Prioritäten für Europa und Deutschland: Der Euro muss auf die Blockchain — Identitäten ebenfalls

Philipp Sandner
Sep 8 · 11 min read

Asien und die USA: Währungen kommen auf die Blockchain

In der Blockchain-Welt geht es derzeit heiß her. Der aktuelle Fokus: Libra, China und Binance. Vor kurzem wurde das Projekt Libra angekündigt, eine Kryptowährung von einem internationalen Konsortium, dass zukünftig aus 100 Organisationen bestehen soll. Zum Einsatz kommt hier zwar nicht die Blockchain-Technologie, wie sie ursprünglich bei Bitcoin umgesetzt wurde, aber sehr wohl eine Weiterentwicklung dieser Technologie. Der Fakt, dass Facebook mit seiner Basis von über zwei Milliarden Nutzern dieses Projekt initiiert hat, wird dem Projekt zum Erfolg verhelfen, da es anders als bei vielen anderen Projekten eine “garantierte Nutzerbasis” gibt. Schätzungen zufolge würde die Marktkapitalisierung von Libra quasi über Nacht einige hundert Milliarden Euro betragen, wenn Libra wie geplant in 2020 startet. Zum Vergleich: Bitcoin hat derzeit, August 2019, eine Marktkapitalisierung von ungefähr 200 Milliarden Euro.
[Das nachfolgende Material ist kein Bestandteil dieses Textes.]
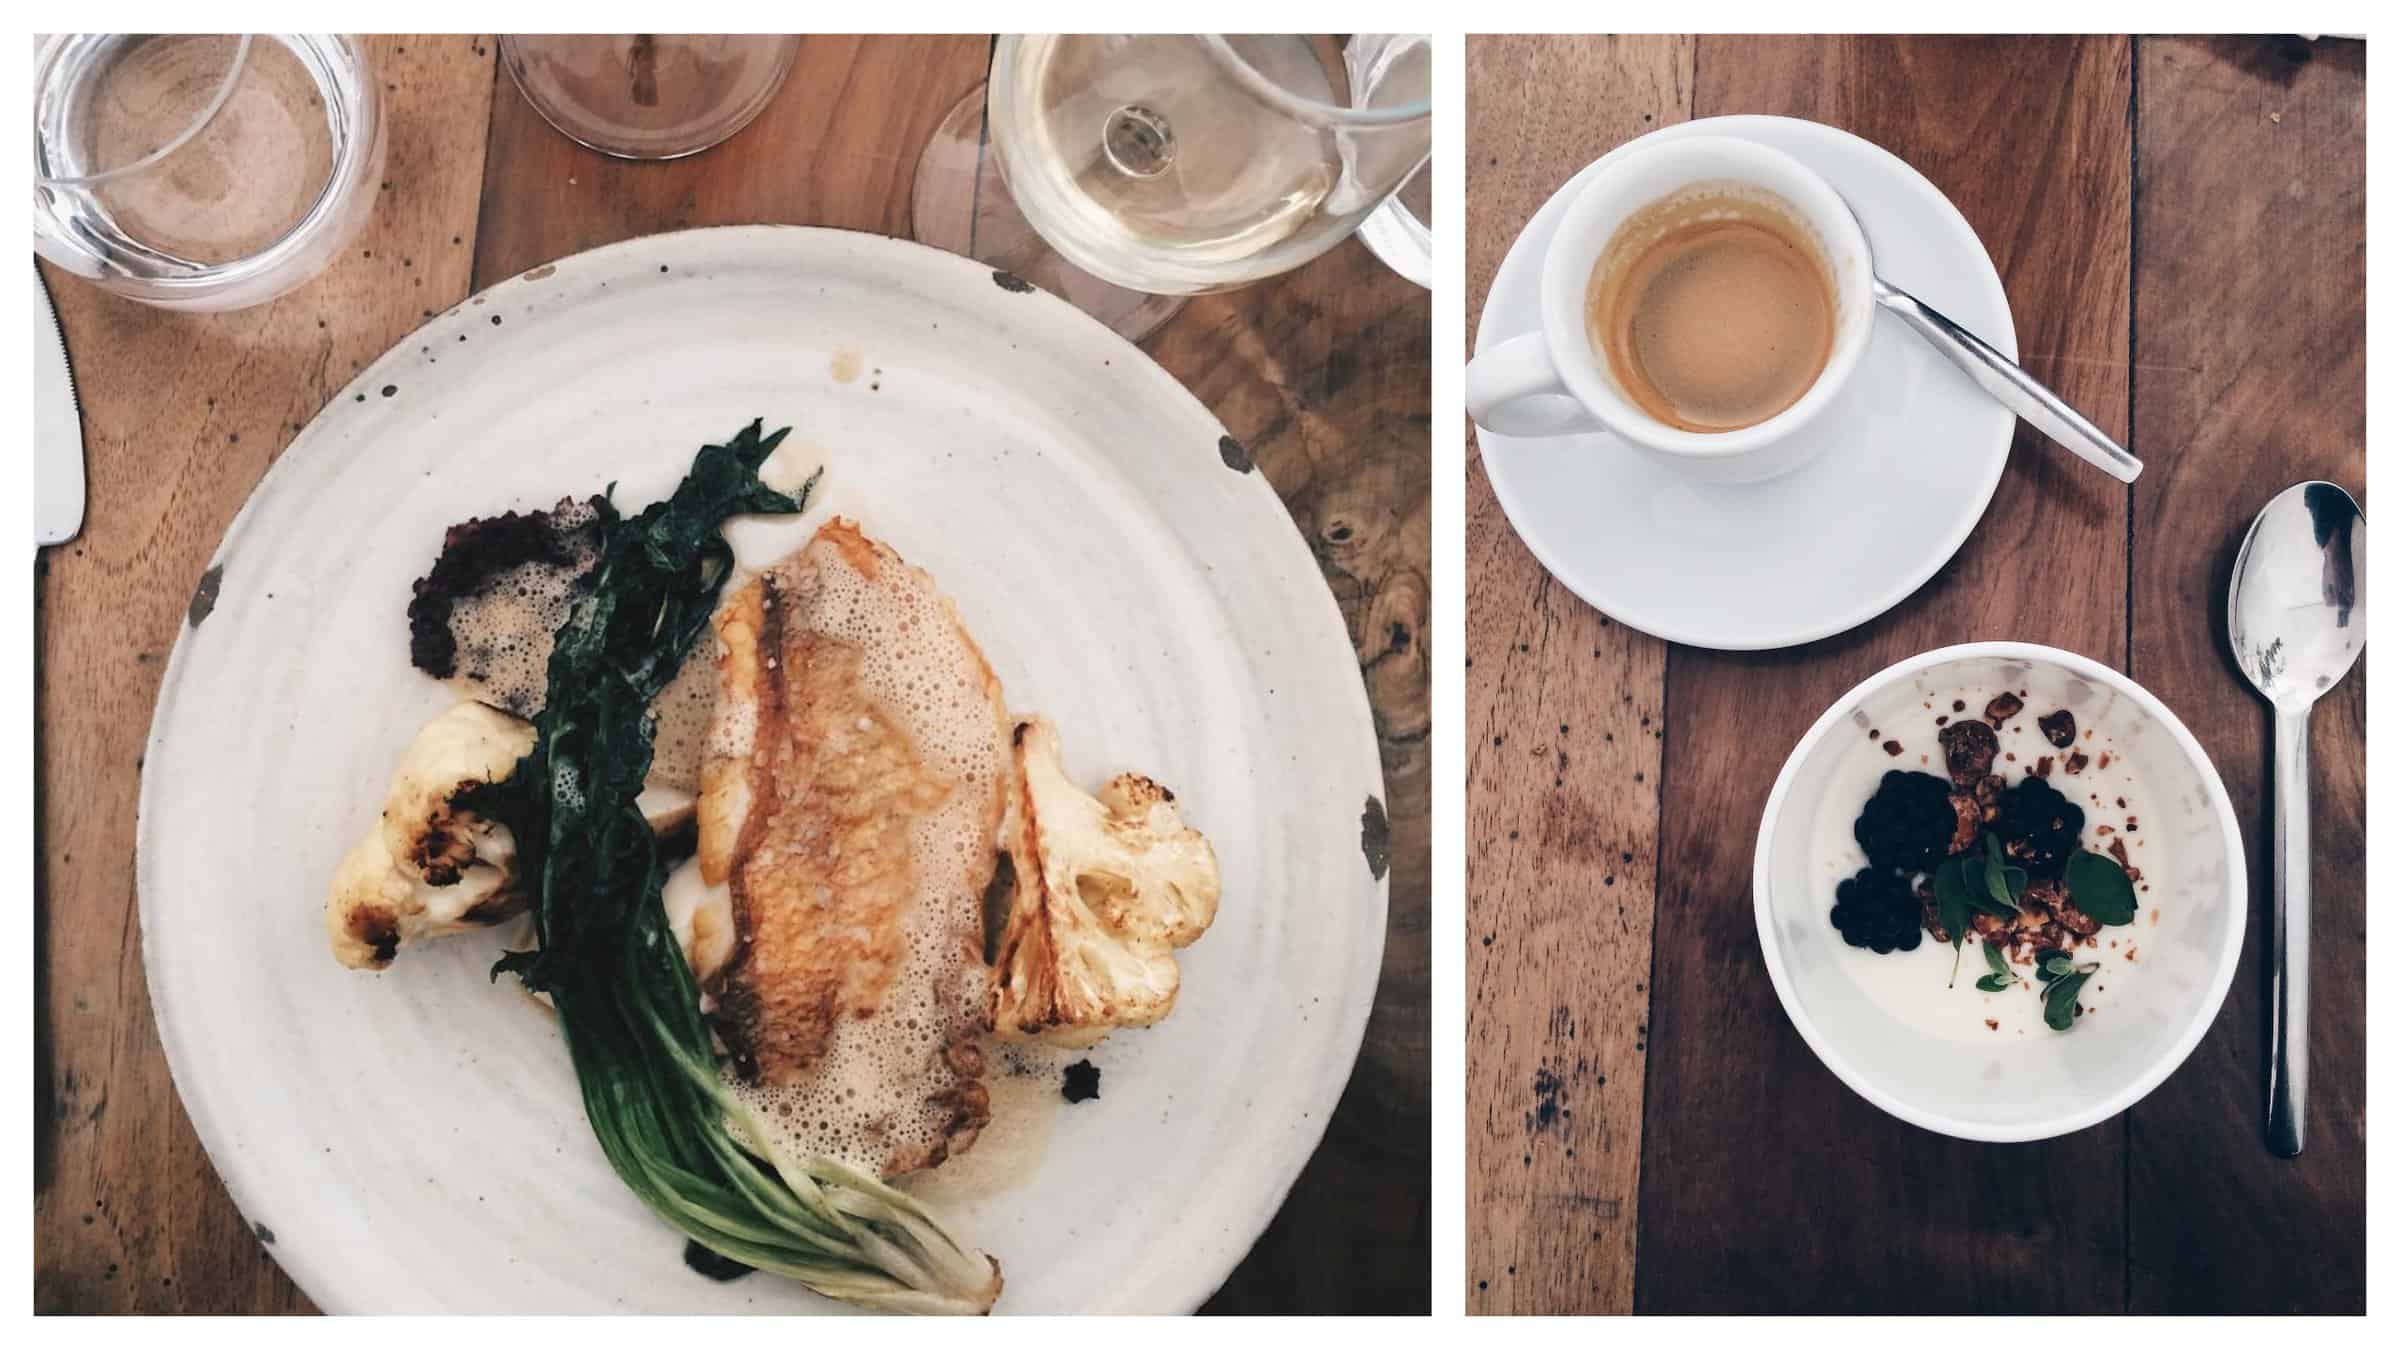 One of the best bistros for French food in Paris, is Dilia for its meat and vegetable dishes (left) and dessert with coffee (right).

Und wo steht Europa und im Speziellen Deutschland?

Doch was passiert aktuell in Europa und in Deutschland? Wenig, zumindest in Bezug auf Großprojekte mit Systemrelevanz. Konkret formuliert: Hier werden wesentlich kleinere Brötchen gebacken. Ja, es gibt eine lebhafte Startup-Szene im Blockchain-Bereich, die etwa in Berlin, Zürich, London und Paris ansässig ist. Konzerne wie Bosch, Daimler, die Commerzbank und andere unterhalten eigene Blockchain-Abteilungen. Auch Behörden wie die BaFin in Deutschland oder deren Äquivalente in der Schweiz und in Liechtenstein schaffen gemeinsam mit den entsprechenden Ministerien und Behörden die rechtliche Basis, damit die Blockchain-Technologie in verschiedenen Bereichen eingesetzt werden kann. Die Europäische Zentralbank baut Expertise auf, die Deutsche Bundesbank betreibt erste Experimente. Dies ist alles gut und richtig. Aber es wird nicht ausreichen, um international auf Augenhöhe mit weltweit führenden Projekten zu agieren.

Der Euro auf der Blockchain

Das zusätzlich geschaffene Budget sollte vor allem in folgende Vorhaben investiert werden: Der Euro muss auf die Blockchain und das Thema Identitäten auf Blockchain-Basis muss umfassend behandelt werden. Bei diesen beiden Aspekten handelt es sich um breite Anwendungsfelder, welche das Fundament für die digitale Wirtschaft der Zukunft darstellen werden. Eine Wirtschaft ohne Euro und Identität auf Blockchain-Basis können sich Kenner der Technologie nicht vorstellen.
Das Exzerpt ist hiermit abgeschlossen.